The current market value of Tesla Motors Inc (NASDAQ:TSLA) is $15.56 billion. At this level, Tesla’s market cap is a little less than a quarter of Ford Motor Company (NYSE:F)’s market value or about a quarter of General Motors Company (NYSE:GM)’s market value. Even though last quarter was Tesla’s first profitable quarter (and even that came thanks to selling certain tax allowances), the company is already priced for perfection and beyond. How much would Tesla Motors Inc (NASDAQ:TSLA) have to grow in order to justify today’s share price? Let’s find out.
Revenue and income potential
This year, Tesla Motors Inc (NASDAQ:TSLA) is expected to sell 20,000 Model S cars, most of which will be the high-end models with large battery packages. If the average car price is $80,000, this gives us $1.6 billion in revenue. Given the company’s gross margin of 17% last quarter, this gives us a gross profit figure of $272 million. For most car companies, operating margins are roughly half of gross margins, which would give the company operating income of $136 million. With additional revenue such as tax allowance sales and part sales to companies like Toyota, the company could earn somewhere between $150 and $200 million with the sale of 20,000 cars this year.
How about later on in the future?
In the longer term future, Tesla Motors Inc (NASDAQ:TSLA) is expected to ramp up production, become more efficient at building cars, take better advantage of economies of scale and become more profitable. It is said that Tesla Motors Inc (NASDAQ:TSLA) will be able to double its production every year for the next 5-6 years. In the later years, cheaper cars will join the mix and margins will suffer a little bit, but the efficiency gains I mentioned above will offset some of that.
Let’s say Tesla was able to double its production every year between now and 2017. It would be building 20,000 cars in 2013, 40,000 cars in 2014, 80,000 cars in 2015, 160,000 cars in 2016 and 320,000 cars in 2017. This sounds like a stretch goal, right? Well Tesla Motors Inc (NASDAQ:TSLA) is already priced as if it accomplished all this, and more.
Let’s say that by 2017, Tesla is selling 320,000 cars per year. In order for the company to sell this many cars, it would have to move from being a niche-player to “mainstream.” The company would have to spend loads of money on marketing and building a network of dealerships just like every other car company does. This would definitely eat into Tesla’s profit margins. After all, selling 20,000 cars and selling 320,000 cars take different approaches. Besides, by the time Tesla reaches such a high capacity, its employees will start unionizing just like they did in every car company. Keep in mind that Tesla’s operations are located in California, a strongly pro-union state.

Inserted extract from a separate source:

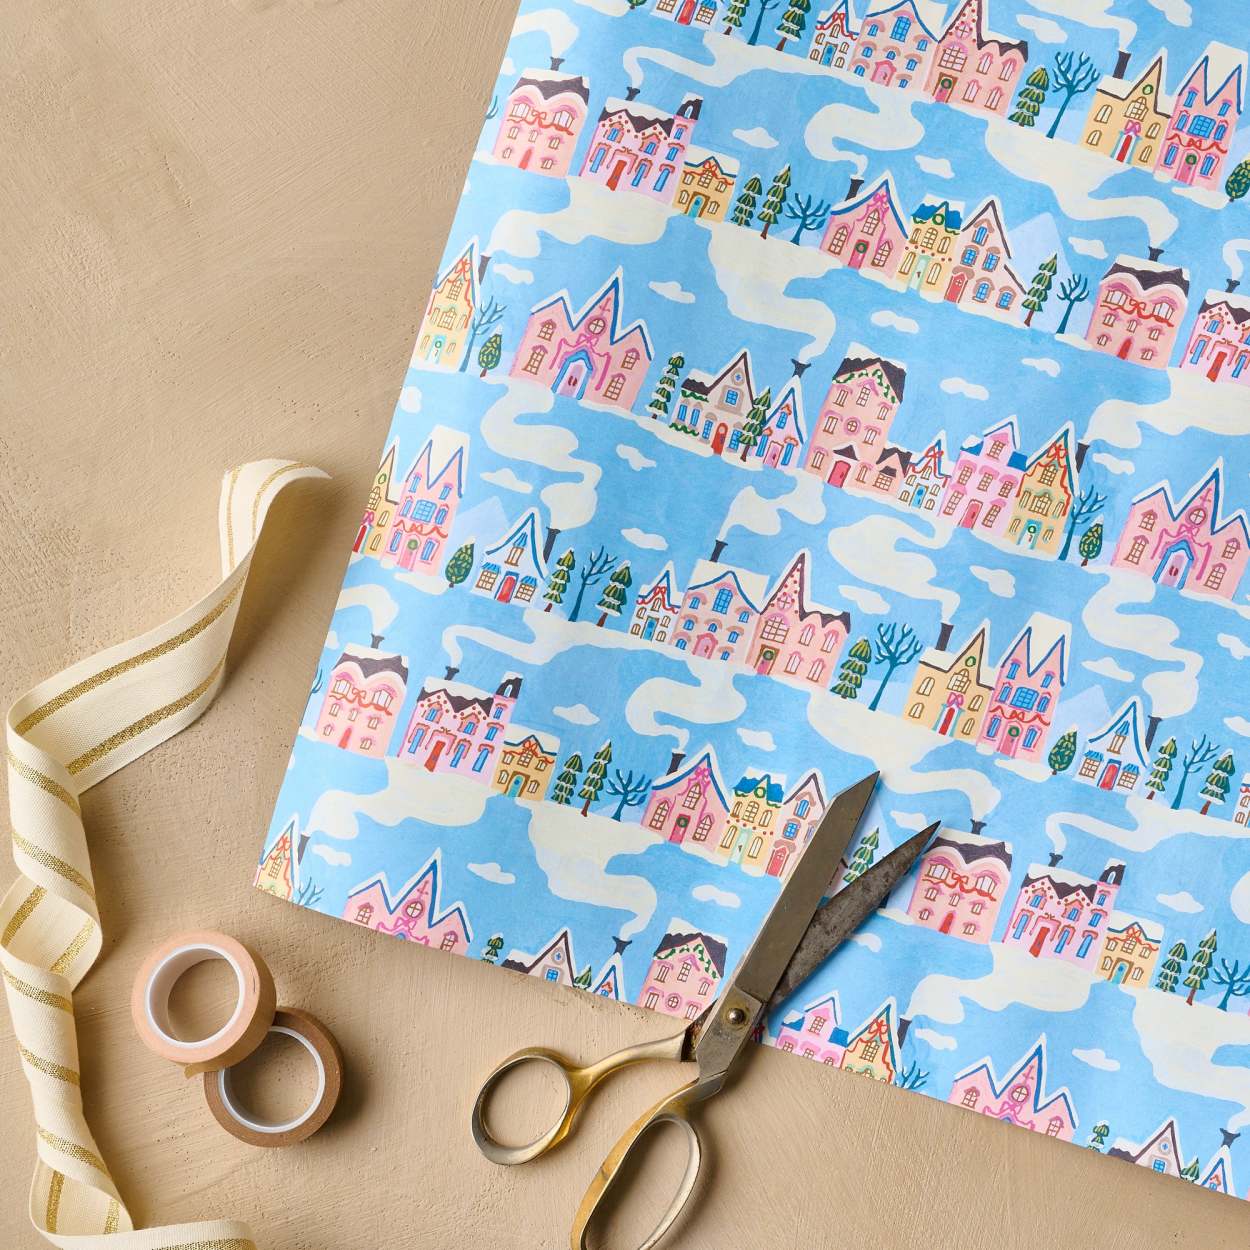 Adoption is Love - cute pink wrapping paper

So, what would Tesla’s 320,000 cars look like? Let’s go by hypothetical figures. Tesla could probably sell about 20,000 of the high end cars that cost $80,000 each. Then it could sell about 30,000 cars that cost around $65,000 each. Next, we would be looking at about 50,000 cars at $50,000 price range. The rest of the cars sold (220,000) would be cheaper cars. Elon Musk said that they would start selling $40,000 cars by mid-decade, and if Tesla were to reach a volume as high as 320,000 cars per year, the great majority of the cars sold would be cheaper cars since most people in the world still aren’t rich enough to afford cars that cost nearly six figures.
In this hypothetical situation, Tesla’s total revenue would be $14.85 billion. Higher-end cars would have gross margins closer to 25% (as we see in the luxury segment) and the lower-end cars would have gross margins closer to 17-18%. If we assign 25% gross margin to $80,000 cars, 22% gross margin to $65,000 cars, 20% gross margin to $50,000 cars and 18% gross margin to $40,000 cars (these numbers are pretty comparable in the industry), the company’s total gross profit would be $2.83 billion.